I am currently writing my master's thesis at Cal Poly Pomona, and am currently investigating the ruler sequence for a prime base.
The ruler sequence for base $2$ is : $0,1,0,2,0,1,0,3,0,1,0,2,0,1,0,4,...$ that is the power of 2 which strictly divides a positive integer $n$. Since my research involves a more general form (usually prime base) we can make the appropriate generalization:
$$p^{r_p(n)}||n$$
The first thing to note is that $r_p(n)=ord_p(n)$ where $ord_p(n)$ is the the p-adic oridinal or valuation of $n$ (Since I am also considering the order of $n$ modulo $p^k$, I want to stay away from the latter notation).
Now I am currently using a rather inefficient method to calculate $r_2(n)$, but it is concise; meaning that I can use a spread sheet program to rapidly output tables for analysis. The formula is as follows: $$r_p(n)=\log_p(\gcd(n,p^{\lfloor\log_p(n)\rfloor})),$$
The above is efficient enough to find values for small $n$, but in examining $r_p(n^a-1)$ I run into issues involving the efficiency of my formula. Note: $a$ is a positive integer and $n>1$.
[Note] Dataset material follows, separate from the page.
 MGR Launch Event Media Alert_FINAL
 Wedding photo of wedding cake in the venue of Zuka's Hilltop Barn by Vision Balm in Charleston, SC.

I was wondering if anyone knew of, or could point me in the direction of, a more efficient, and ideally direct, method to compute the p-adic ordinal of $n^a-1$ for relatively small values of $n$.
The following method is probably pretty well known. I’ll use the notation $v_p(n)$ instead of your $\text{ord}_p(n)$.
Of course you know that if $p|n$ then $v_p(n^\alpha-1)=0$ for all positive $\alpha$, so we don’t need to worry about numbers $n$ divisible by $p$. For a number $n$ prime to $p$, though, I’ll call $\omega_p(n)$ the smallest positive power of $n$ for which $n^\omega\equiv1\pmod p$. It’s a divisor of $p-1$, and all divisors of $p-1$ occur. Now you see that if $\omega_p(n)$ does not divide $\alpha$, then $v_p(n^\alpha-1)=0$. So we need only look at multiples of $\omega_p(n)$.
Next fact, easily shown for $p\ne2$, and necessarily modified for $p=2$, is that if $v_p(N-1)\ge1$, then $v_p(N^p-1)=1+v_p(N-1)$.
And the final fact is that if $m$ is prime to $p$ and $v_p(N-1)\ge1$, then $v_p(N^m-1)=v_p(N-1)$.
Let’s do an example, $n=7$ and $p=5$. In this case, $\omega_5(7)=4$, and since $7^4=2401$, we have $v_5(7^4-1)=2$. Now we need only ask for $v_5(7^{4\beta}-1)$, that is for values of $\alpha=4\beta$. Now write $\beta=5^tu$, and see that $v_5(7^{4\beta}-1)=2+t$.